(Records drawn from a dataset)
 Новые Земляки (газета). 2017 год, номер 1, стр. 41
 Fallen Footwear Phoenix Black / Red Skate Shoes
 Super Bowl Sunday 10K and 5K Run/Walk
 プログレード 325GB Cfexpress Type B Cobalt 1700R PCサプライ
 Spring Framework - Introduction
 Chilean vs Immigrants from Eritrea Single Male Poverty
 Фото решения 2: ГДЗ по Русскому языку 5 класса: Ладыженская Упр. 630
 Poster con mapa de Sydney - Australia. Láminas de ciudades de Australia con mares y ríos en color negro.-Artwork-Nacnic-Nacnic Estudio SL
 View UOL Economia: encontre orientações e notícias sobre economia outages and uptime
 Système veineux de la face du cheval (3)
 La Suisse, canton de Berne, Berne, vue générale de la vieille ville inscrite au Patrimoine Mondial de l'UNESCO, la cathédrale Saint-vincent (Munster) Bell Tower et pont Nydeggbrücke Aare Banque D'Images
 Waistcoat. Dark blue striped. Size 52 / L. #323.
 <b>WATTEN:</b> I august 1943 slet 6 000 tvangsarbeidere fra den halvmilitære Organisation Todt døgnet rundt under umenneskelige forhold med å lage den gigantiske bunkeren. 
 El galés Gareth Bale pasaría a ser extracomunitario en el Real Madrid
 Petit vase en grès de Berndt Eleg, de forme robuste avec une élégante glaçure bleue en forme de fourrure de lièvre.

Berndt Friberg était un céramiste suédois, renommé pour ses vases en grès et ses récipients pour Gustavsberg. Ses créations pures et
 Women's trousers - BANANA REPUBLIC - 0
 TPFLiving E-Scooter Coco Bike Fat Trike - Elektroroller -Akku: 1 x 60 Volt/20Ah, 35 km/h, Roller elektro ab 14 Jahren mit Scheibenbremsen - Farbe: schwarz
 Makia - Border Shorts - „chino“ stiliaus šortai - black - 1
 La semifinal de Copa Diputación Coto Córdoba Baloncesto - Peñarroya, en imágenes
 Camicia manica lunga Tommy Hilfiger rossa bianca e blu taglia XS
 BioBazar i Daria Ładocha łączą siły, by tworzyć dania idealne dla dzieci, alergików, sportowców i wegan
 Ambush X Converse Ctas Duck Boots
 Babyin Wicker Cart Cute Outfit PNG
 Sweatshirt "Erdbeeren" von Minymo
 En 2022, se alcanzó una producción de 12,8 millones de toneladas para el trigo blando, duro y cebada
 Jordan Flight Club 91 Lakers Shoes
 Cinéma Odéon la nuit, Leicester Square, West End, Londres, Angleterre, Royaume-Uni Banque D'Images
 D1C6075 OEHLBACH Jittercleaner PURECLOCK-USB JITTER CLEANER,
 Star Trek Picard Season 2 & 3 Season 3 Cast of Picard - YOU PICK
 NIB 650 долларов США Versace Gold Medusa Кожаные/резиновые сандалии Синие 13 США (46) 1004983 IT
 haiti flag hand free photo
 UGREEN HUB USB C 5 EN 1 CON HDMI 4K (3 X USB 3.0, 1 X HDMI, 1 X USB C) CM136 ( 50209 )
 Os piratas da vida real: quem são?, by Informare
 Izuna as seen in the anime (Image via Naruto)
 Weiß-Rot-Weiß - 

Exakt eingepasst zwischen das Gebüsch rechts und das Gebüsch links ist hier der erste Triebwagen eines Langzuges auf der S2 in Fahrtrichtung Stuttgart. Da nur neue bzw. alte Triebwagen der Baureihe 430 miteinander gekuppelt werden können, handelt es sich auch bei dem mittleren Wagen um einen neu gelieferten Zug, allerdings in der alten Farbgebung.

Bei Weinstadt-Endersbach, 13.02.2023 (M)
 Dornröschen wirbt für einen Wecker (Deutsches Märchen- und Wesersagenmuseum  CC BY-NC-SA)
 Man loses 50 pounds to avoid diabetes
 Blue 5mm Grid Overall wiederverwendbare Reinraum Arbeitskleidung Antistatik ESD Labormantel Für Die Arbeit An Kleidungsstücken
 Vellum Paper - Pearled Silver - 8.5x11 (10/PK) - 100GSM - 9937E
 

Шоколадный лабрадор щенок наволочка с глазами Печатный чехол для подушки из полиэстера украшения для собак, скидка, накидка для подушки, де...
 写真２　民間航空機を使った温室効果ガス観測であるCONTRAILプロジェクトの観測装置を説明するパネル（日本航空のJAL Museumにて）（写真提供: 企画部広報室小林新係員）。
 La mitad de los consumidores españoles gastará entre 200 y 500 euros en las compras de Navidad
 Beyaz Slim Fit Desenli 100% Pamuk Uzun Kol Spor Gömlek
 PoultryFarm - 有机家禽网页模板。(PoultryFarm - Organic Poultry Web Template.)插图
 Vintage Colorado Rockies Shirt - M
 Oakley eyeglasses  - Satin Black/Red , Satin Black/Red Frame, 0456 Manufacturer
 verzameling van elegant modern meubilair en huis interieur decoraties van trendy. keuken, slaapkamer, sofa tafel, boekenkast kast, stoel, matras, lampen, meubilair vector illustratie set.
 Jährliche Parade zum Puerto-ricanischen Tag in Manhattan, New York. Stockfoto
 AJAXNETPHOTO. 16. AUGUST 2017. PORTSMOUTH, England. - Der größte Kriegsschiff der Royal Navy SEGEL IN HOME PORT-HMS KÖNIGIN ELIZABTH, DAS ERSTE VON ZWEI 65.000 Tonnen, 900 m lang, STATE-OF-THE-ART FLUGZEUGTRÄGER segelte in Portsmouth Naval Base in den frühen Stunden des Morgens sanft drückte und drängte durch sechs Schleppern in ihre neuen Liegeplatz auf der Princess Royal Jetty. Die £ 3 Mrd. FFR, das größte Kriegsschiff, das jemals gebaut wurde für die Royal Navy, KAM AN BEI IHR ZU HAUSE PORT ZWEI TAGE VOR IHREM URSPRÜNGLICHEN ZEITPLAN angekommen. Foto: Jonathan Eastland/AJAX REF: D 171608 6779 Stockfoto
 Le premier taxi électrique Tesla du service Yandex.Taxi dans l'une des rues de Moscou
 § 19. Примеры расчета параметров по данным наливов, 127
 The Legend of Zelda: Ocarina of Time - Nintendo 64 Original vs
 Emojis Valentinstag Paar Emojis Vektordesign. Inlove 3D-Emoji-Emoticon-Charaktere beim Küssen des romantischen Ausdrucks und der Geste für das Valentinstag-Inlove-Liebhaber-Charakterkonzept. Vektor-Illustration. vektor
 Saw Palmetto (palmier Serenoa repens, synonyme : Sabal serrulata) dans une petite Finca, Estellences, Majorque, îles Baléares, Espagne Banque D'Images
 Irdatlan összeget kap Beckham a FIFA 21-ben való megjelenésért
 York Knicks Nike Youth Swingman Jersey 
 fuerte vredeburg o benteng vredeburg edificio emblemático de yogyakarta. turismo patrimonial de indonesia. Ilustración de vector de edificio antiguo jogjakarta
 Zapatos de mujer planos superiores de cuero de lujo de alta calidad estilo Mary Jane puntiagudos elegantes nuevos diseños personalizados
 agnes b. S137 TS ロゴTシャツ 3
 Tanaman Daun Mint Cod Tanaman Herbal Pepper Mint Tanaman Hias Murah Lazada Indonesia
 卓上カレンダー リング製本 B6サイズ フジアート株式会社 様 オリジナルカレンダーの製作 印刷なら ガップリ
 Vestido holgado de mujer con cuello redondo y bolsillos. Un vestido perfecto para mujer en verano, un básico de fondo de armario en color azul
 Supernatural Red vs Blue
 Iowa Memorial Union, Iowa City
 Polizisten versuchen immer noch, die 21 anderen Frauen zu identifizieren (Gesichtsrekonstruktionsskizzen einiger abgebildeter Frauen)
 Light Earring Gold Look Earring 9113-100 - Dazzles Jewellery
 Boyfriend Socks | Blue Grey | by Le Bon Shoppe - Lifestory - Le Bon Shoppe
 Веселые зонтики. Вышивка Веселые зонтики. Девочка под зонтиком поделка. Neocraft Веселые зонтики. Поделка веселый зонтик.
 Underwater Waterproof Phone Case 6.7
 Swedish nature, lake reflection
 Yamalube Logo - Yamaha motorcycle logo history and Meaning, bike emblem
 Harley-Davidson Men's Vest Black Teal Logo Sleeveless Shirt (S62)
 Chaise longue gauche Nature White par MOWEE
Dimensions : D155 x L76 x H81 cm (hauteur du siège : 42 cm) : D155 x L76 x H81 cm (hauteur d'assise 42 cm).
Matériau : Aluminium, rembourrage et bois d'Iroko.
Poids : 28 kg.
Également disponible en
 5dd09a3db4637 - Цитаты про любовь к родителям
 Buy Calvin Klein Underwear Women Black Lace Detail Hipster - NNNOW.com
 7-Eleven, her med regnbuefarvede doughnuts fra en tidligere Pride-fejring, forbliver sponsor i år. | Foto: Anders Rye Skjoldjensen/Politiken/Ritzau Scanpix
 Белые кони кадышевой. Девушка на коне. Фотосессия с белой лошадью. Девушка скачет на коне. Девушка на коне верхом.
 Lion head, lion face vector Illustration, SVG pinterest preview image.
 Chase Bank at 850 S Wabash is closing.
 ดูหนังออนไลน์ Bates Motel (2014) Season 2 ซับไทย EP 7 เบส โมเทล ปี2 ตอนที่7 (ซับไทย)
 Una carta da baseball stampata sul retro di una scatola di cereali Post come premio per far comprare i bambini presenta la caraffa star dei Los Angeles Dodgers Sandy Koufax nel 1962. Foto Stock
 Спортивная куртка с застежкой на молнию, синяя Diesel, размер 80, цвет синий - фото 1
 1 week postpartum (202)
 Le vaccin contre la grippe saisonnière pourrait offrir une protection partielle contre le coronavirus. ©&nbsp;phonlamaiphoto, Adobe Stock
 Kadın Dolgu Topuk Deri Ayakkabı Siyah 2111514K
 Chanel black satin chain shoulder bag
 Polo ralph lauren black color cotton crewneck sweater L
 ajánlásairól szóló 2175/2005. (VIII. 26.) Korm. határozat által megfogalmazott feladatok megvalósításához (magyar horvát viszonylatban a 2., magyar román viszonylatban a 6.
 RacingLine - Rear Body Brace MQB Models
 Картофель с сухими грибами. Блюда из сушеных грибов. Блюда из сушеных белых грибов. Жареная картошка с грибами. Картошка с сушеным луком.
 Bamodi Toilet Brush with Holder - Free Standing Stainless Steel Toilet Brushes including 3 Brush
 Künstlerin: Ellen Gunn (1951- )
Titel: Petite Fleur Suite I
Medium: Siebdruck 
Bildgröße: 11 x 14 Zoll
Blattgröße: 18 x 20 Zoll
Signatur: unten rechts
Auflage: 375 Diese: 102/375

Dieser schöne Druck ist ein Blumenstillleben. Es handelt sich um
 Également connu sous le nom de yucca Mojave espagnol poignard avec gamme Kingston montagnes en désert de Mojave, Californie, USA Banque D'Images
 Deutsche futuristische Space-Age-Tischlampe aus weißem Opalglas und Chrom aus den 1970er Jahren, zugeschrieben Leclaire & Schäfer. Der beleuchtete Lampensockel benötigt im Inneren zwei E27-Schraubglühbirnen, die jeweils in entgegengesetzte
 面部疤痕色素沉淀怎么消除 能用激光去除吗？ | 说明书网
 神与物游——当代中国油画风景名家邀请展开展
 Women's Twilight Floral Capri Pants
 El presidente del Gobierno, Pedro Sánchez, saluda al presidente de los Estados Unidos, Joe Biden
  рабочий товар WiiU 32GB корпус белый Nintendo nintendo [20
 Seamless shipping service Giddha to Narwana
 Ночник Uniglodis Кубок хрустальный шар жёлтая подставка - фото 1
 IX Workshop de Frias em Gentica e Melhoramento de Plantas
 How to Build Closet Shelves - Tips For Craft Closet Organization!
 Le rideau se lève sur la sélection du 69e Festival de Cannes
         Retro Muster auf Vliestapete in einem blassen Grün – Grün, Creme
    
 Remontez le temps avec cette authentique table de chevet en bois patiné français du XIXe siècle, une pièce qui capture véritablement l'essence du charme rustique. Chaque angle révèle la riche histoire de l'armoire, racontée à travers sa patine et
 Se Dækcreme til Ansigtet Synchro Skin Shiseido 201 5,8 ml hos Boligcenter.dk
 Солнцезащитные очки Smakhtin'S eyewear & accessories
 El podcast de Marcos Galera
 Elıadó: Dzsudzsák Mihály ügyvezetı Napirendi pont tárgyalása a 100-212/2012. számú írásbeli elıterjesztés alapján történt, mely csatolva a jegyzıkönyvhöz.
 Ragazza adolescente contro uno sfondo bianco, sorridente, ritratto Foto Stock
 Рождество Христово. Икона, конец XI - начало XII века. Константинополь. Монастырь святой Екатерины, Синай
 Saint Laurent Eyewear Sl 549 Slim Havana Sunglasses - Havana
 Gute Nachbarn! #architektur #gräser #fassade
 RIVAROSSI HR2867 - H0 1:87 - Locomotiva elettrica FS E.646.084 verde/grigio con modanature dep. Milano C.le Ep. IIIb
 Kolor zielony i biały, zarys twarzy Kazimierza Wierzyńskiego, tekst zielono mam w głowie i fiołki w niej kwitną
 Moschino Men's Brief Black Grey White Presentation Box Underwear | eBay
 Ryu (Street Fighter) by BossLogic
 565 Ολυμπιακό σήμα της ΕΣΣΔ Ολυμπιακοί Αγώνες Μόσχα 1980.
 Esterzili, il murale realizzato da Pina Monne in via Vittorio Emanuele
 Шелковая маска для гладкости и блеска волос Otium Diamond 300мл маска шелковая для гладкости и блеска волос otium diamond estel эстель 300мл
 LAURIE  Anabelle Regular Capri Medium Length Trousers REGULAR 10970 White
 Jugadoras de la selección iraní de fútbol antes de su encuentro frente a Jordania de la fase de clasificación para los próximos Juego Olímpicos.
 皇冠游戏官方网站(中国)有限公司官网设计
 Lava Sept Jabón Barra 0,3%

EXERCISE GOAL – Taking the entries above, write out exactly the lines starting with the line containing "プログレード 325GB Cfexpress" and going on through the line containing "<b>WATTEN:</b> I august", both included, and nothing else.

EXERCISE RESPONSE –
 プログレード 325GB Cfexpress Type B Cobalt 1700R PCサプライ
 Spring Framework - Introduction
 Chilean vs Immigrants from Eritrea Single Male Poverty
 Фото решения 2: ГДЗ по Русскому языку 5 класса: Ладыженская Упр. 630
 Poster con mapa de Sydney - Australia. Láminas de ciudades de Australia con mares y ríos en color negro.-Artwork-Nacnic-Nacnic Estudio SL
 View UOL Economia: encontre orientações e notícias sobre economia outages and uptime
 Système veineux de la face du cheval (3)
 La Suisse, canton de Berne, Berne, vue générale de la vieille ville inscrite au Patrimoine Mondial de l'UNESCO, la cathédrale Saint-vincent (Munster) Bell Tower et pont Nydeggbrücke Aare Banque D'Images
 Waistcoat. Dark blue striped. Size 52 / L. #323.
 <b>WATTEN:</b> I august 1943 slet 6 000 tvangsarbeidere fra den halvmilitære Organisation Todt døgnet rundt under umenneskelige forhold med å lage den gigantiske bunkeren. 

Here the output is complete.